# Audible rank and sales calculator?



## David VanDyke (Jan 3, 2014)

Does anyone know of a sales and rank calculator for Audible? Or even a table that would provide a rough guide? As in, thus-and-so ranking equates to roughly this many sales?

A few minutes of searching turned up nothing.


----------



## GeneDoucette (Oct 14, 2014)

David VanDyke said:


> Does anyone know of a sales and rank calculator for Audible? Or even a table that would provide a rough guide? As in, thus-and-so ranking equates to roughly this many sales?
> 
> A few minutes of searching turned up nothing.


I don't, and I can see how building one might be challenging. A download today might affect today's rank (on Amazon) but you wouldn't see it reported as a download for 2 days because of the lag time on the ACX side for reporting sales. ACX also has some loud language about that report not being final until payment is issued. Worse, it records sales from all venues, so a download in iTunes would be there, but wouldn't have an impact on any of the places I know of to see rank for an audiobook.

I do know the marketplace is smaller so the ranks move more with fewer sales than in the ebook marketplace. A few hundred sales in a day will get you close to top 100 in audio.


----------



## RD (Dec 19, 2015)

Is there any rough estimate for this? Top 5k on audible is around 5 sales per day etc? I really have no idea how many copies I'm selling.


----------



## grace.fool (Apr 22, 2020)

hello everyone, probably the post is too old but this answer can help someone. I conducted studies and, after publishing 17 audiobooks, I had the opportunity to monitor ranking and sales in the first period of 2020 (from January to today). The ranking linked to sales is therefore faithful to the number of audiobooks on audible today but the numbers still give an idea. Personally, I found the following sales per day based on the ranking on Audible:

= 1000 (45/50 sales)
= 2000 (30/35 sales)
= 4000 (15/18 sales)
= 5000 (10/13 sales)
= 10000 (6/8 sales)
= 21000 (4 sales)

These numbers will certainly change over time but give an idea of the ranking that a keyword should have (which in my opinion must always be below 15000). I also suggest you take a look at the Audio cash Pro extension because it not only helped me find new keywords but also to monitor the rankings quickly! however it also calculates the royalties of the acx dashboard, I've found that with this video *https://www.youtube.com/watch?v=AS22AiN7yws*

Hoping this post will help you


----------



## Wayne Stinnett (Feb 5, 2014)

If you look at your ACX dashboard, you can get a lot better than a range of sales. Of course, the two-day delay in reporting is a pain.


----------



## KevinH (Jun 29, 2013)

I made an attempt at this, but threw in the towel. The 2-day [and sometimes longer] lag made it too difficult. Plus, not knowing where sales came from obviously had an effect. For instance, selling one copy of a title made the sales rank jump from about 98K to 35K. On that same day, another title sold two copies, but the rank fell from 38K to 46K. There may also have been other factors at play (e.g., a miscount that later got corrected), but stuff like that just made me feel like it was an exercise in futility.


----------



## Wayne Stinnett (Feb 5, 2014)

You're assuming a stagnant rank calculation where one sale on one day means something. That's not how it works, because rank is updated hourly. If a book is at #1000 after one sale, then gets 1000 sales in the next hour and just one again in the third hour, the rank doesn't go from #1000 to #1, then back to #1000.
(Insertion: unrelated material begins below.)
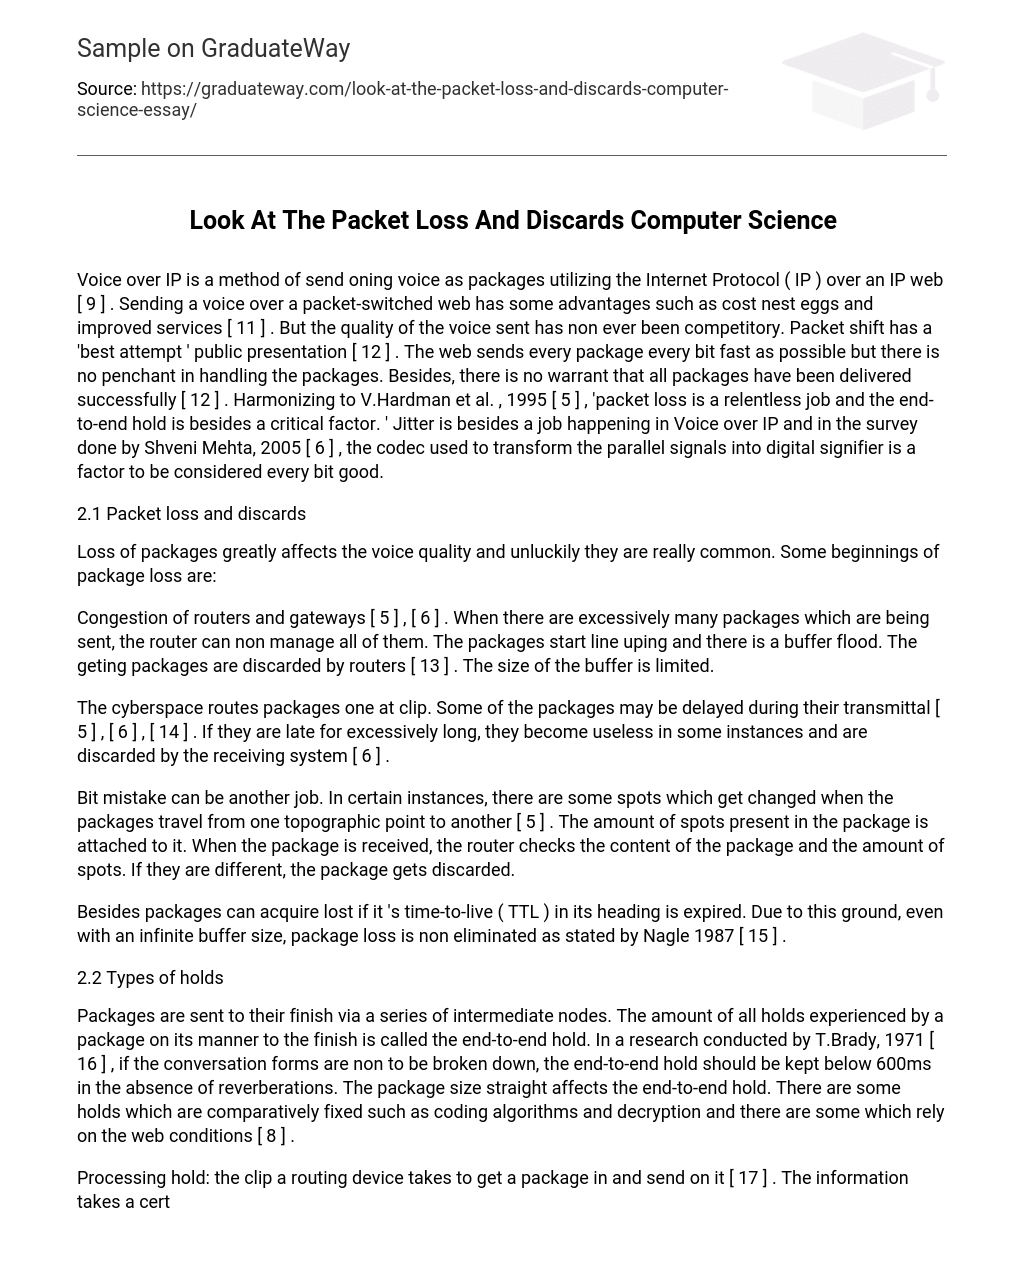 Look At The Packet Loss And Discards Computer Science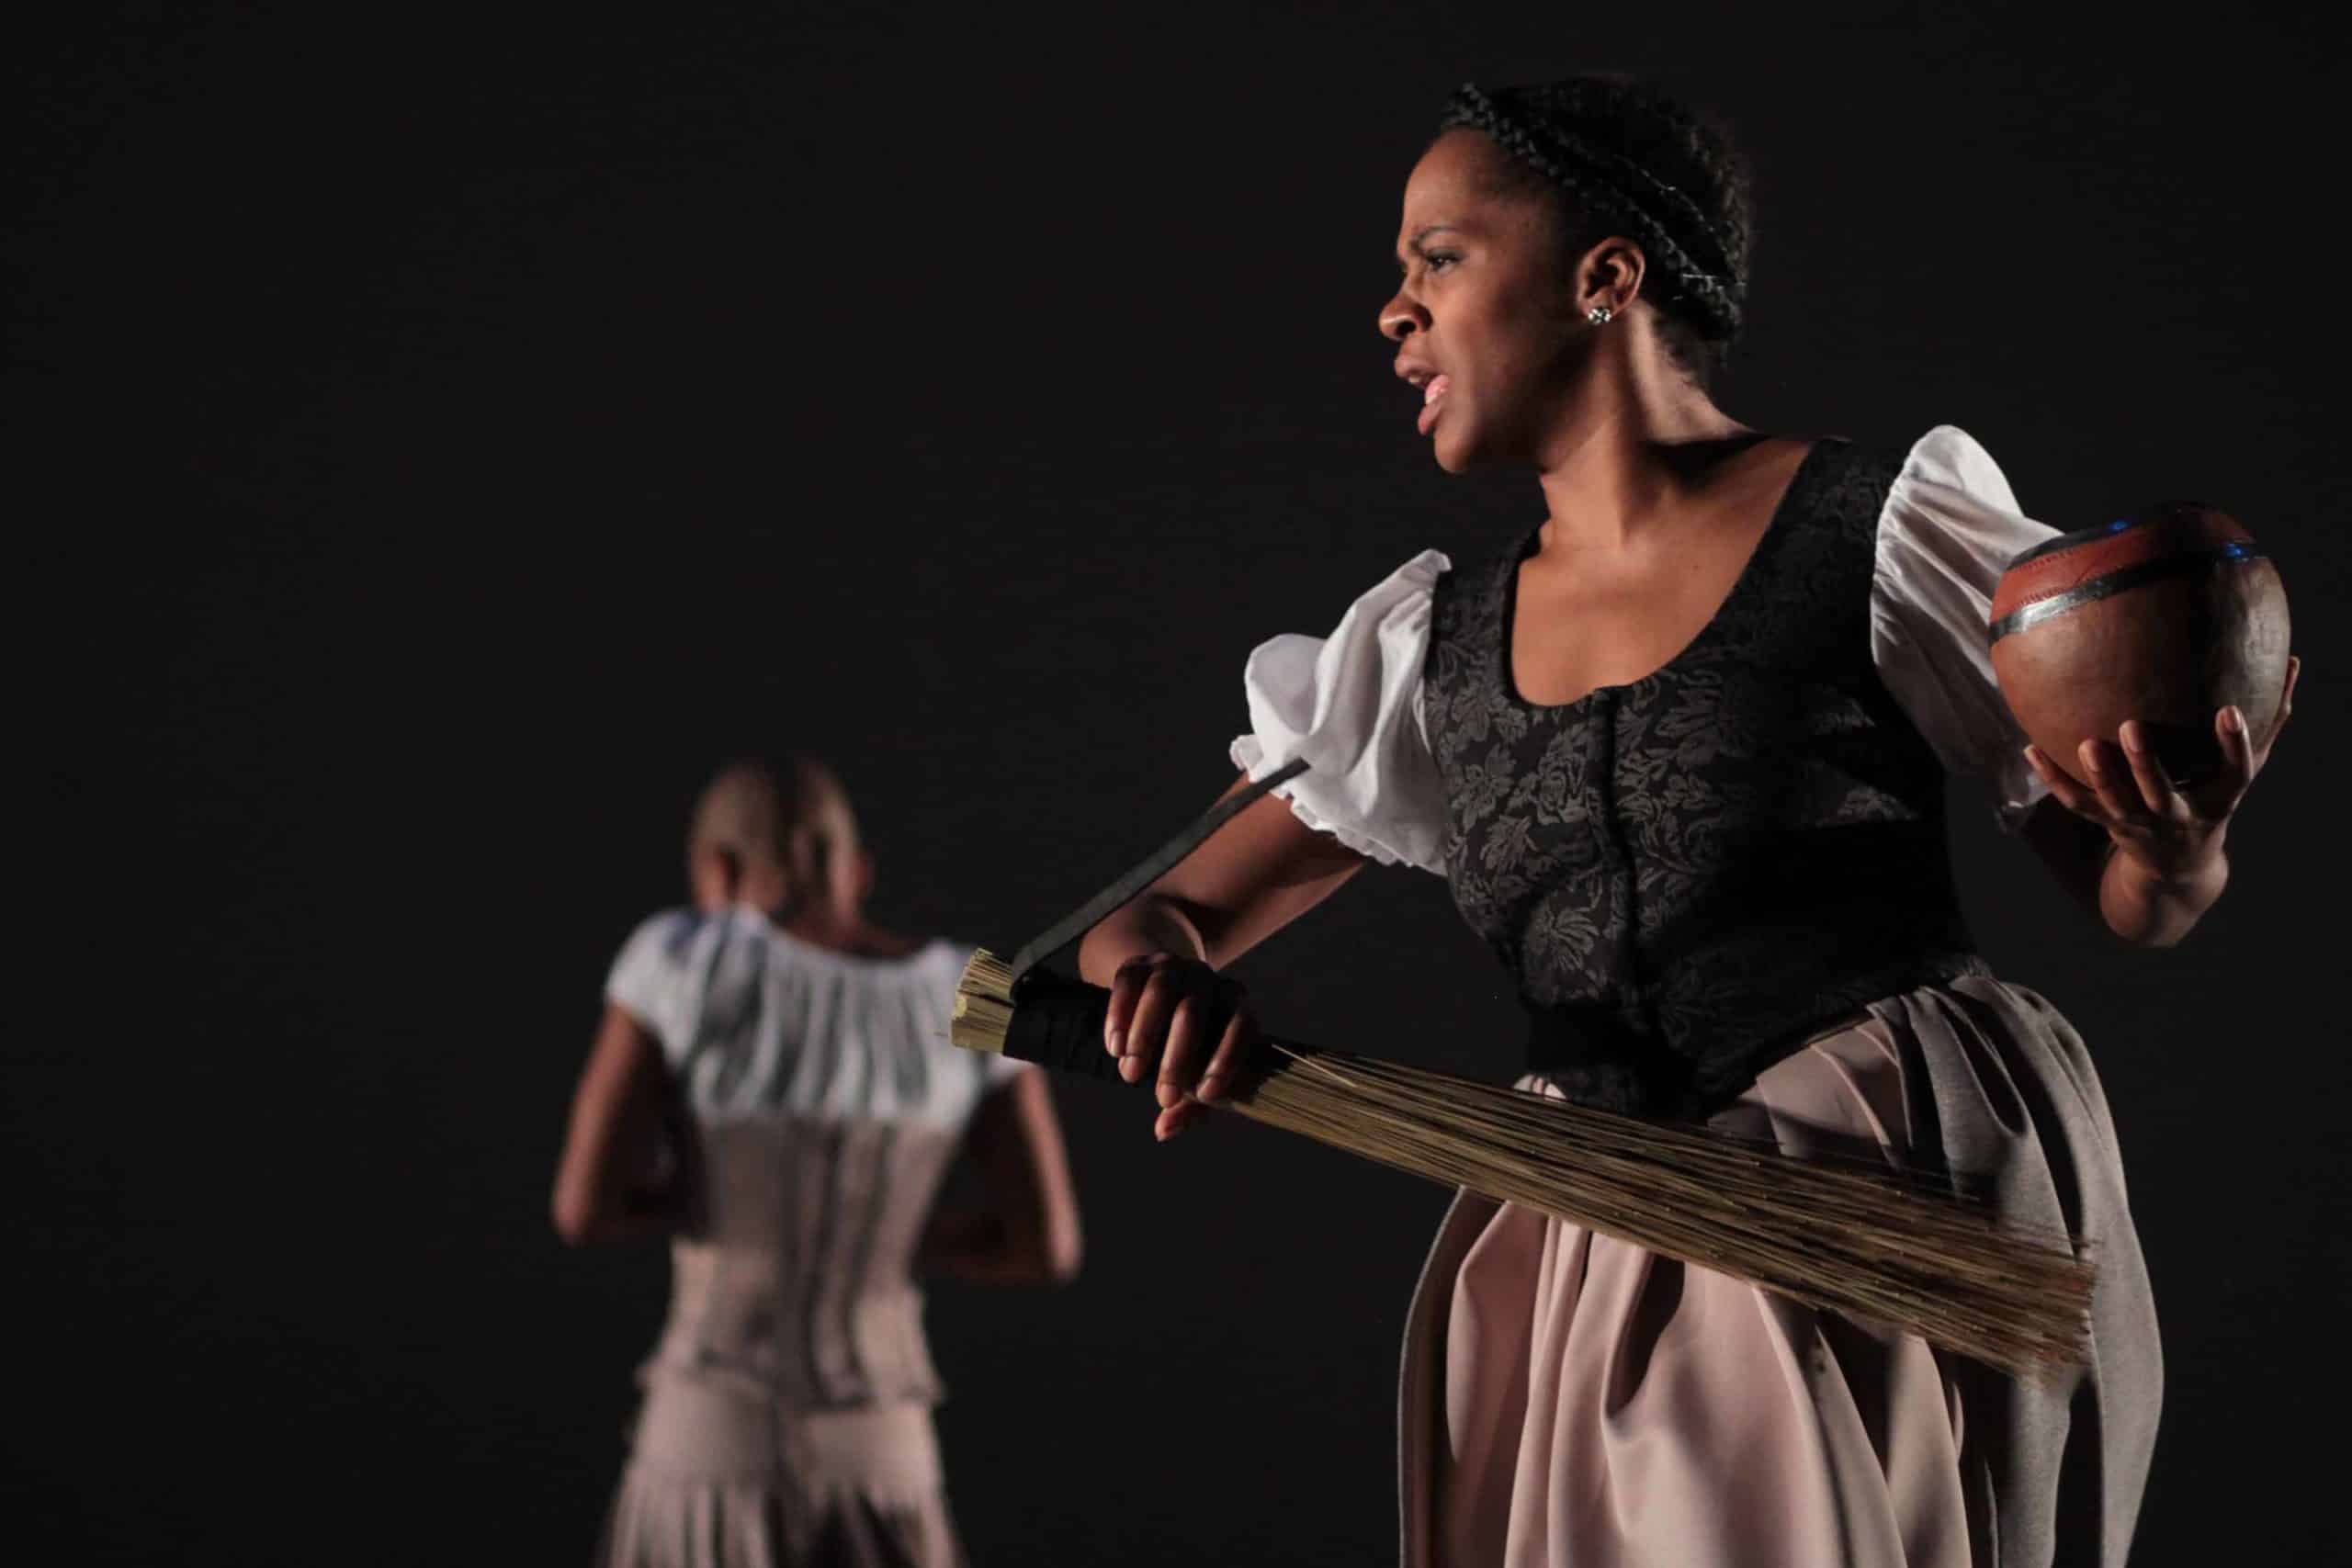 Dada Masilo's company of South African dancers performed her re-imagined Giselle at Williams College.

The calculation used for rank also takes into account previous hours' sales, going back perhaps ten days. Each previous hour's sales count for less in the equation. For instance, and to make this easier, assume a 100-hour period is used. This hour's sales will count for 100 points in the rank score. The previous hour's sale will count for 99 and the hour before that, 98, going all the way back to four days and four hours ago (100 hours) when that hour counts for 1 point. Let's say that ten hours ago, a book has a single sale. That sale counted for 100 digits in the calculation in the hour it happened, but counts only 90 digits now. In 101 hours, that sale will no longer be a part of the calculation.

Computers keep track of every hour's sales of every book and each hour that passes, each of those sales counts for less. Every hour, the computer adds up all the points accumulated and compares that number to every other book, arranging them in order from the highest to the lowest and each book is assigned a rank for that hour from top to bottom. If no sales occurred in the current hour, the rank is still going to change, because other books did have sales that hour.

Then the other variable you haven't mentioned is the lag between when a purchase is actually made and when that purchase affects rank. That's usually about five to six hours.

Trying to tie rank to sales is like trying to nail Jello to the wall. The dashboard tells you how many sales and the product page tells you the rank. There's no need to try to figure out what one is based on the other when both are given.


----------